→ **What you have to do**:
Would you please restate the data exactly as it stands, apart from the pictures?

→ **Exercise data**:
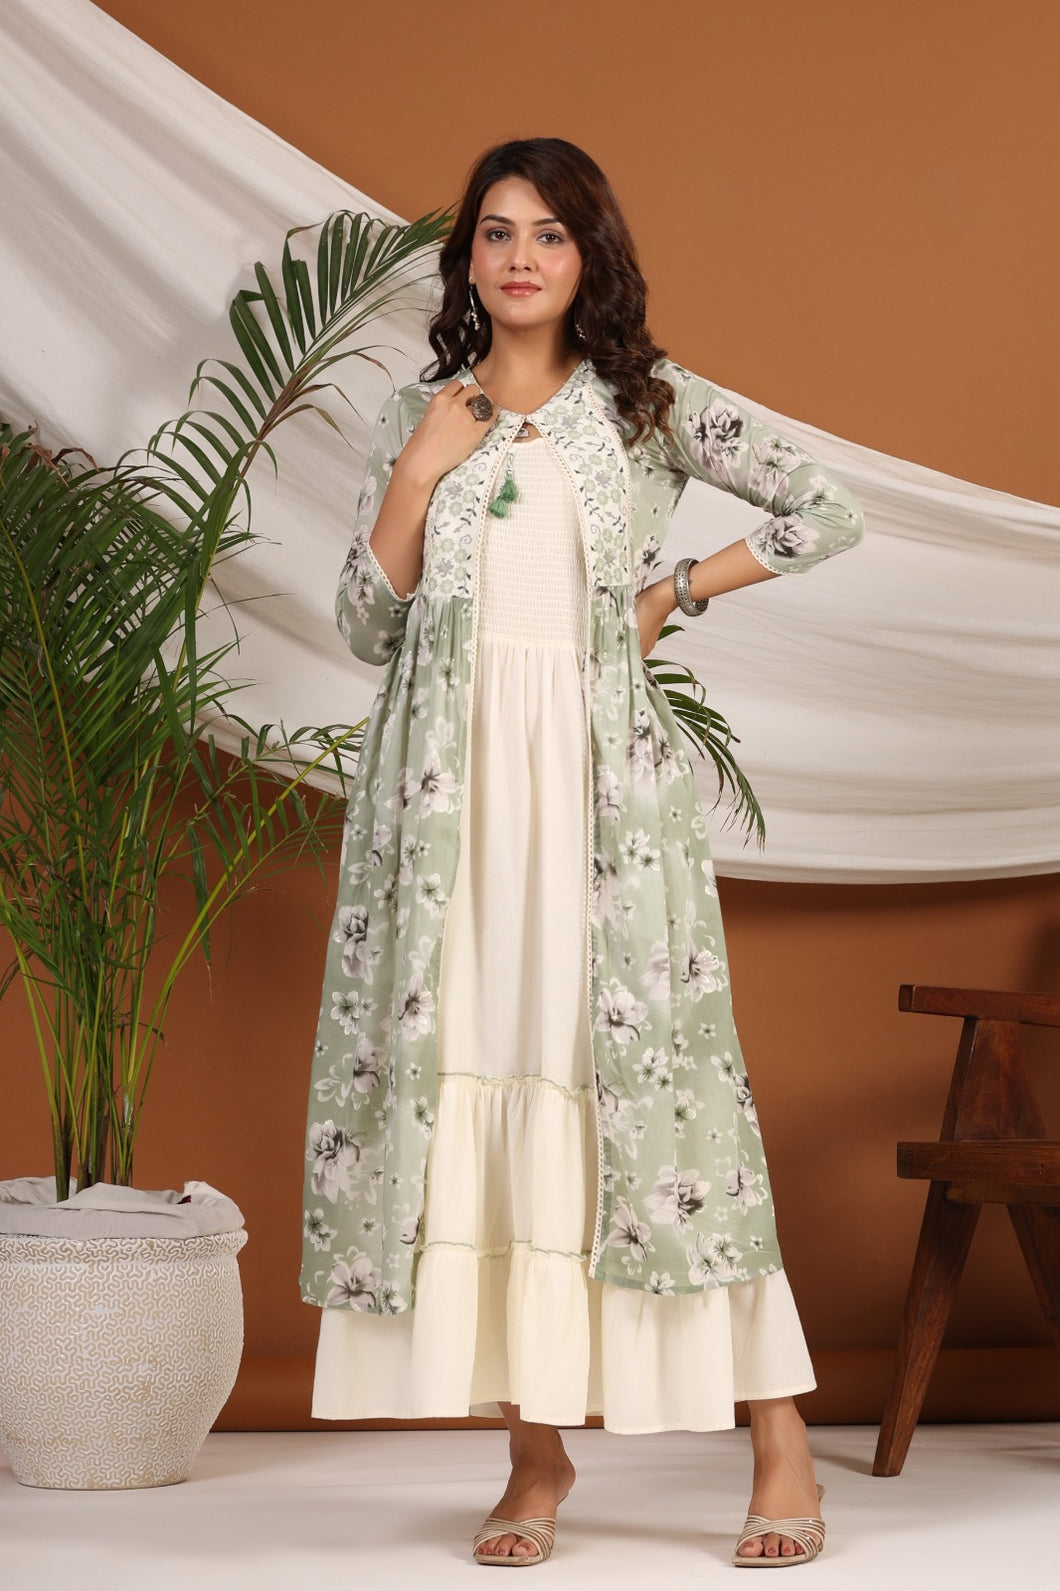 Cotton double layer dress
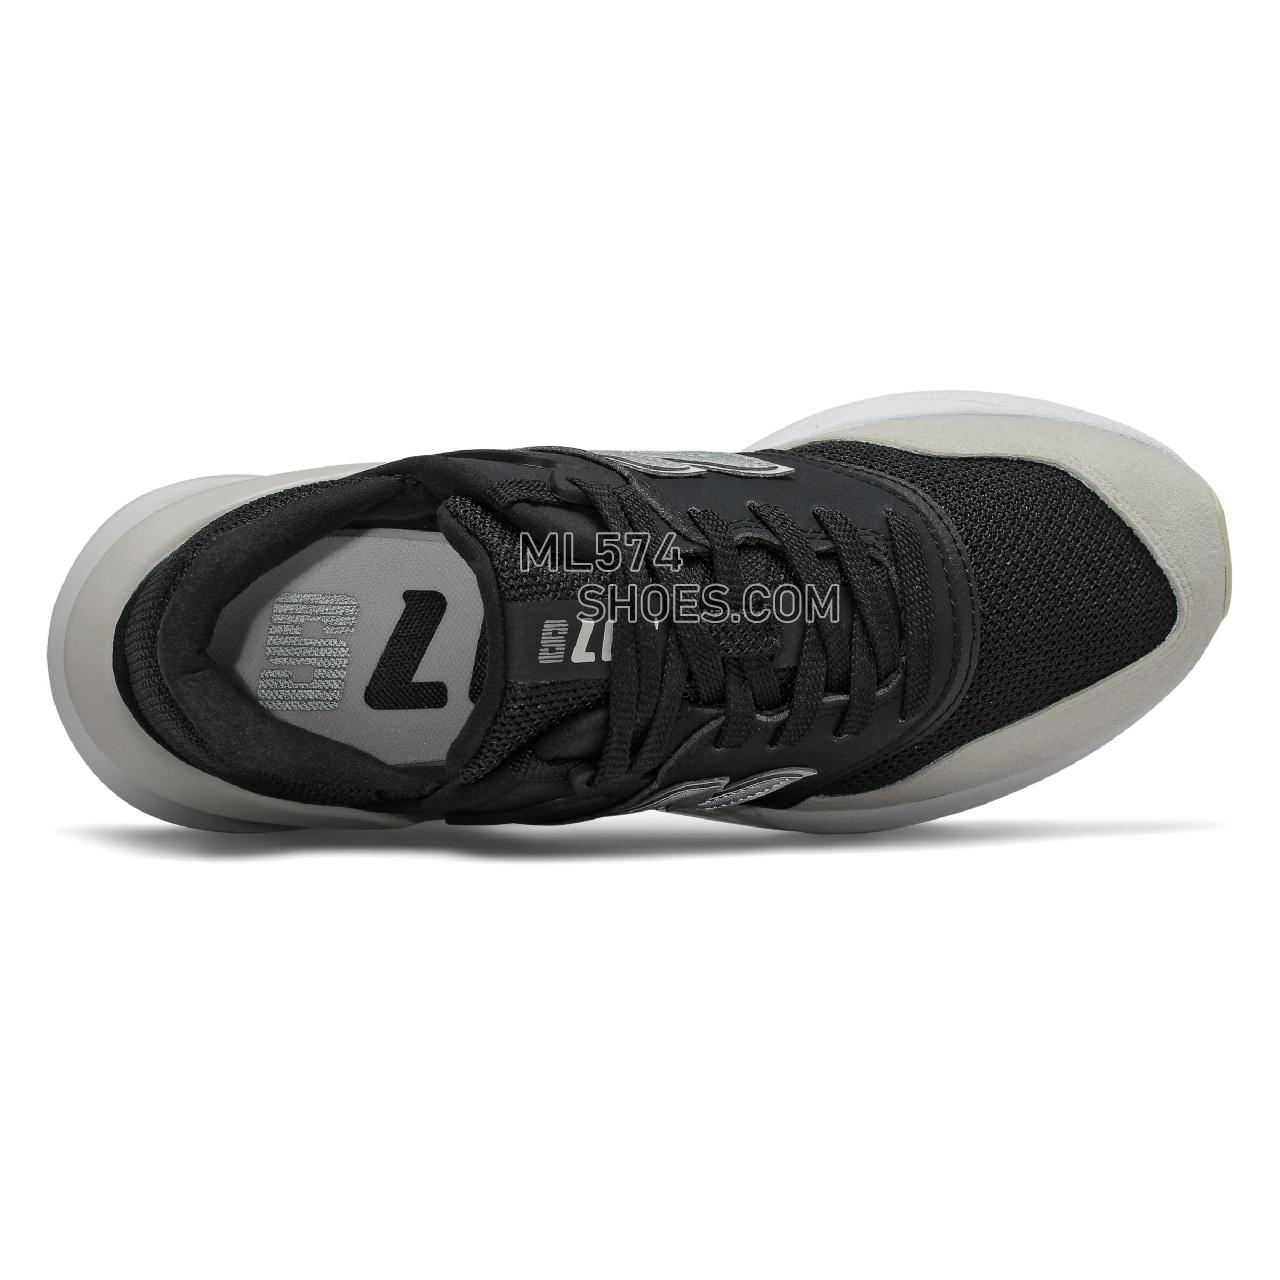 New Balance 997 Sport - Women's Sport Style Sneakers - Black with Moonbeam - WS997GFG
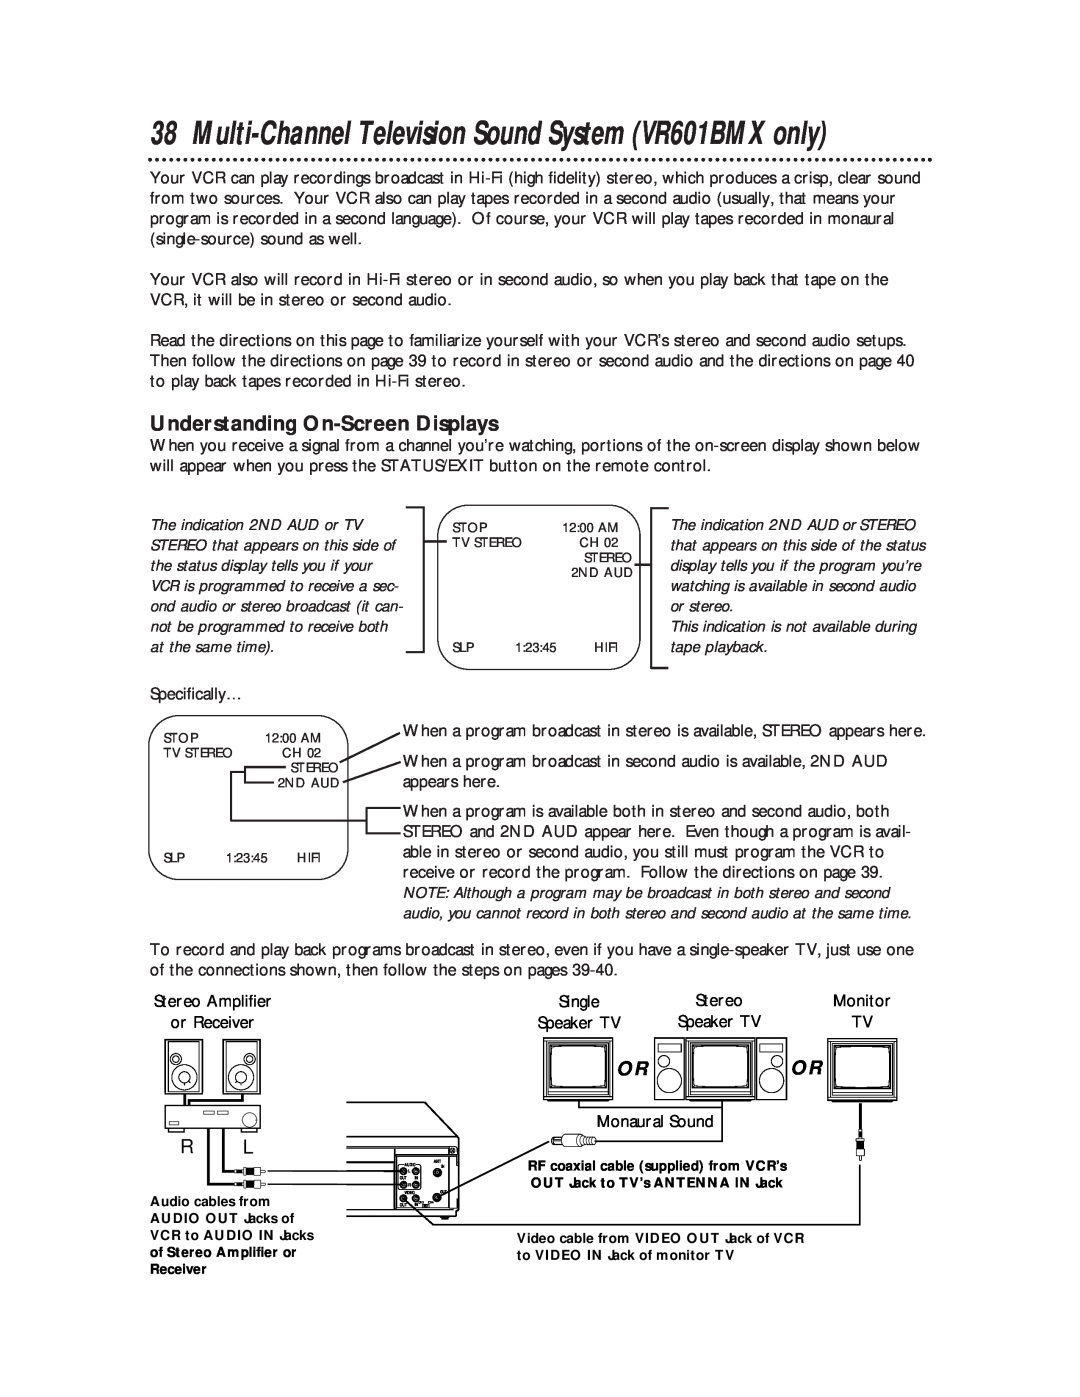 Magnavox VR401BMX, VR601BMX owner manual Understanding On-ScreenDisplays 
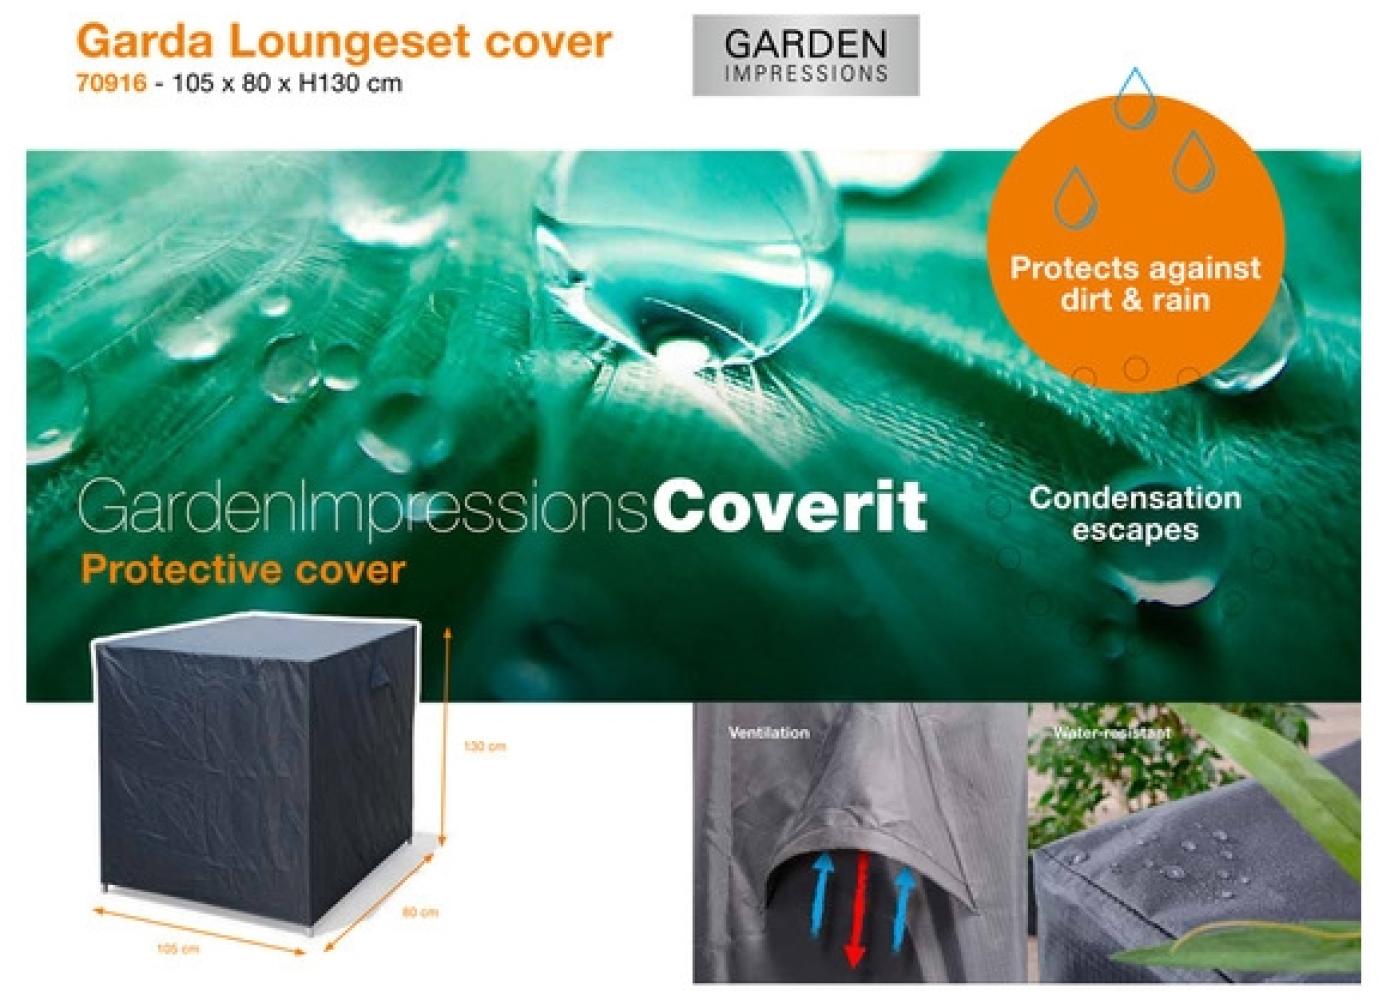 Garden Impressions Coverit Garda loungeset cover 105x80xH130 Bild 1

→ **Response**:
 Cotton double layer dress
 New Balance 997 Sport - Women's Sport Style Sneakers - Black with Moonbeam - WS997GFG
 Magnavox VR401BMX, VR601BMX owner manual Understanding On-ScreenDisplays 
 Garden Impressions Coverit Garda loungeset cover 105x80xH130 Bild 1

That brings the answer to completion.